DATA FOR PROCESSING START

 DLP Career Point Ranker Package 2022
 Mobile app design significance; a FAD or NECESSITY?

DATA FOR PROCESSING END
DATA FOR PROCESSING START

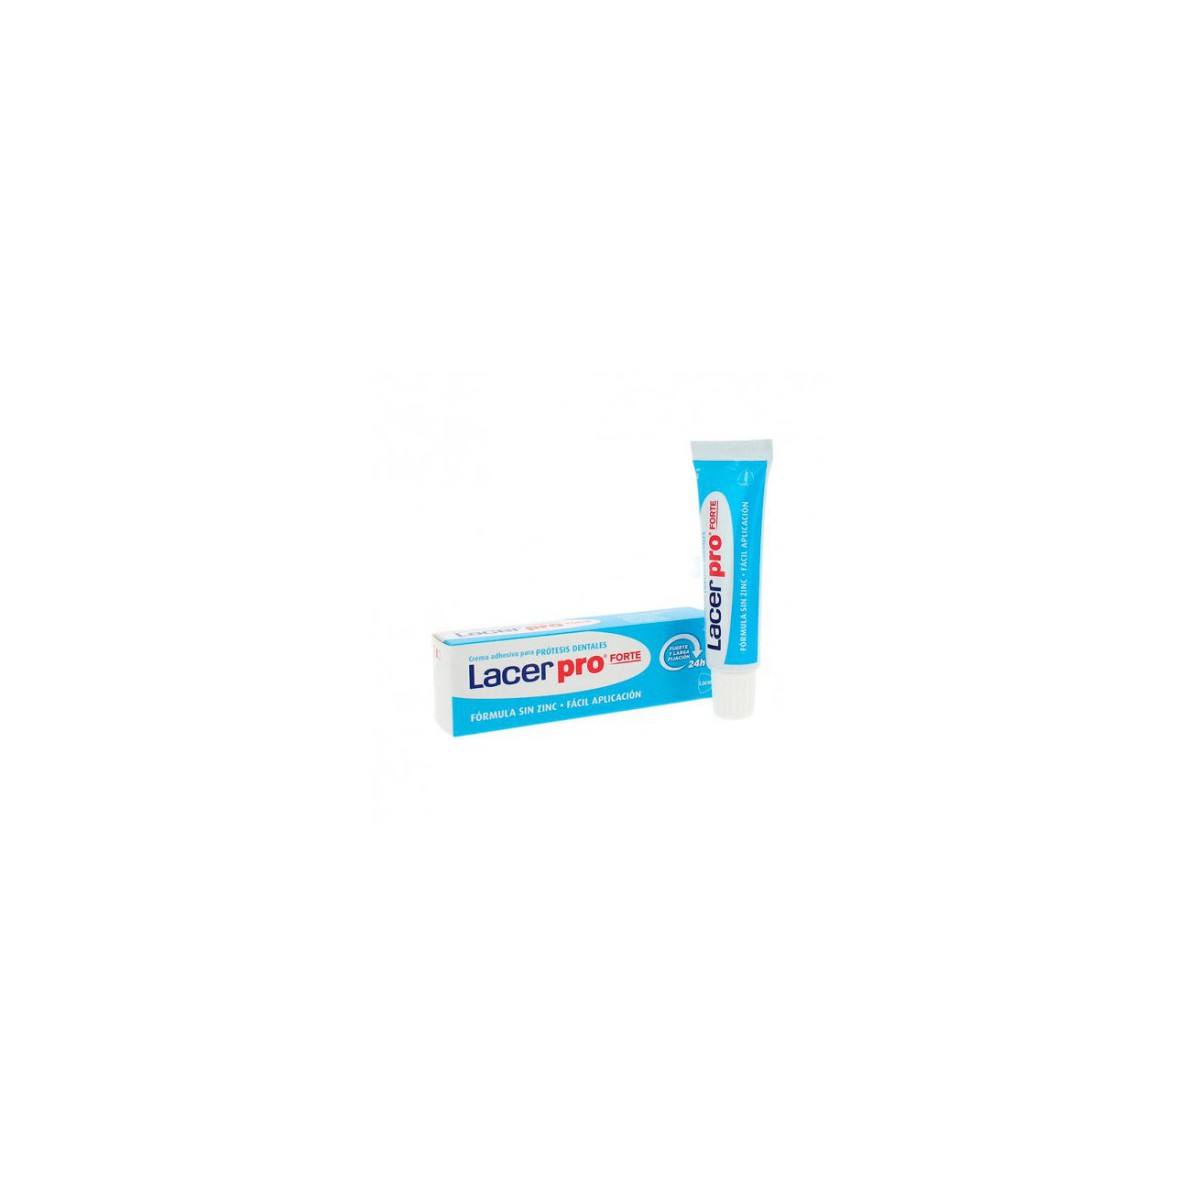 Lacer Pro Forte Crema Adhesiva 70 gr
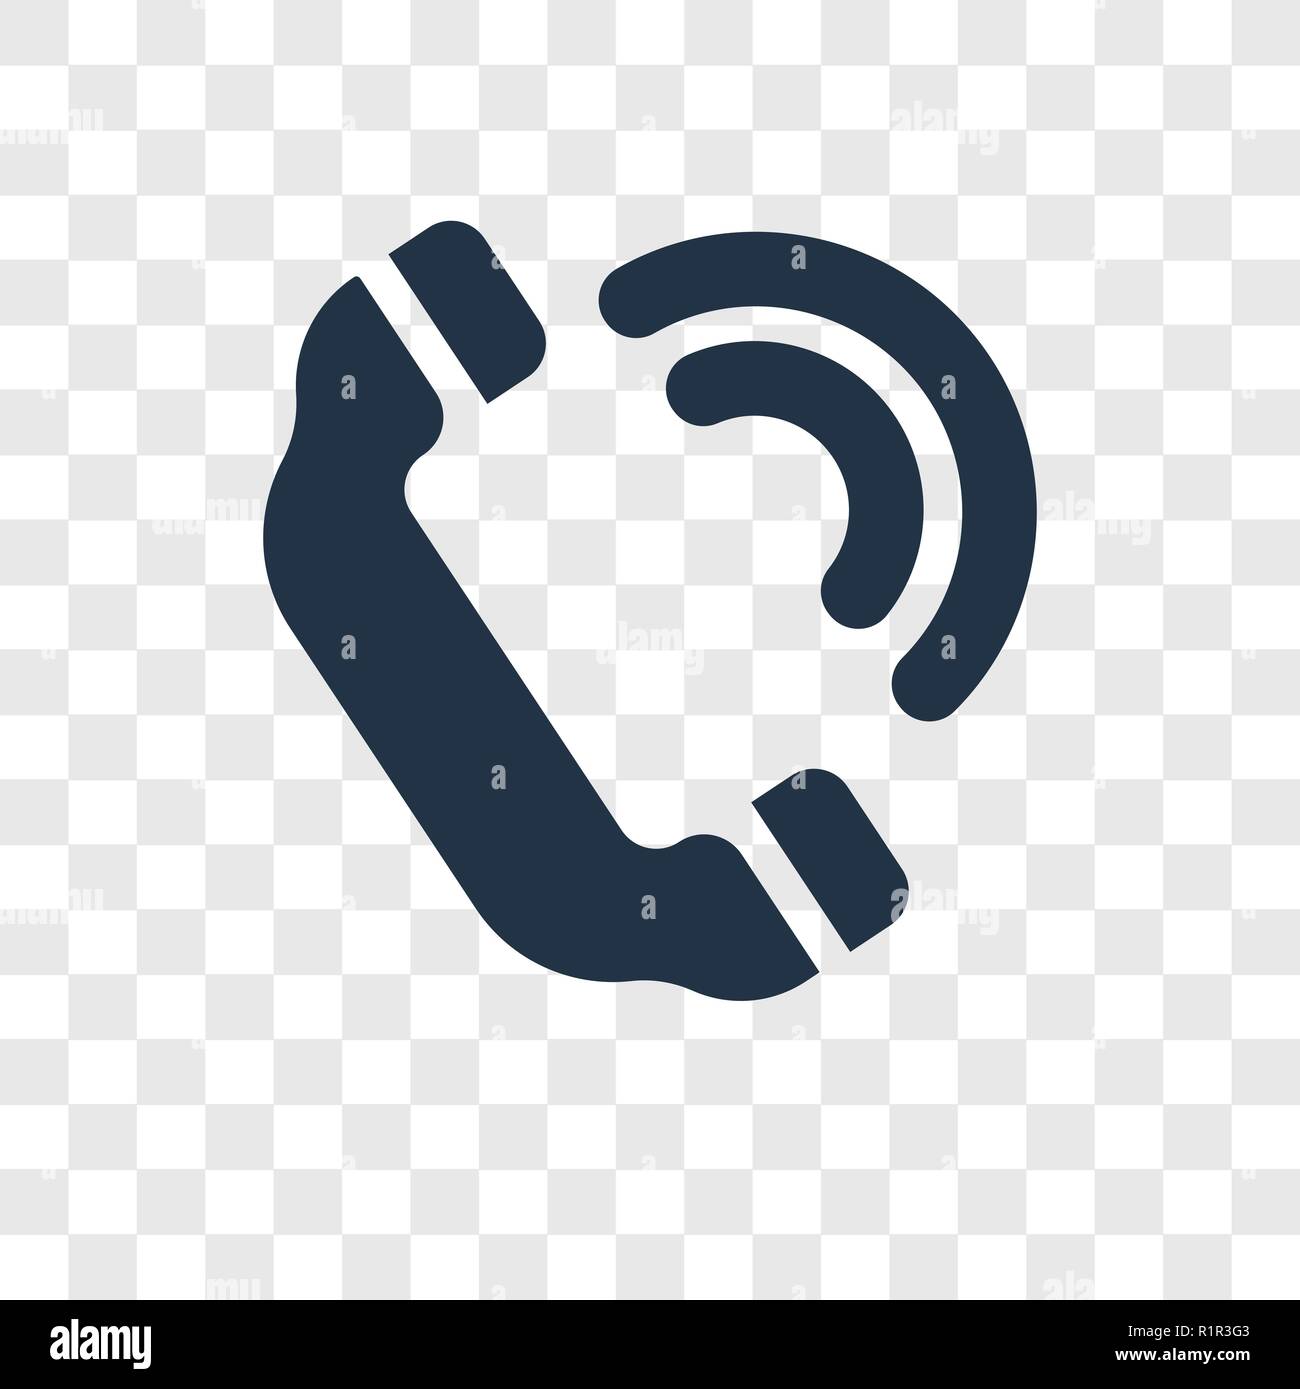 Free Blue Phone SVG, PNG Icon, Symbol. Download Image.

DATA FOR PROCESSING END

From the line containing "Lacer Pro Forte Crema Adhesiva 70 gr" through the line containing "Free Blue Phone", copy every line above exactly, without pictures.

 Lacer Pro Forte Crema Adhesiva 70 gr
 Free Blue Phone SVG, PNG Icon, Symbol. Download Image.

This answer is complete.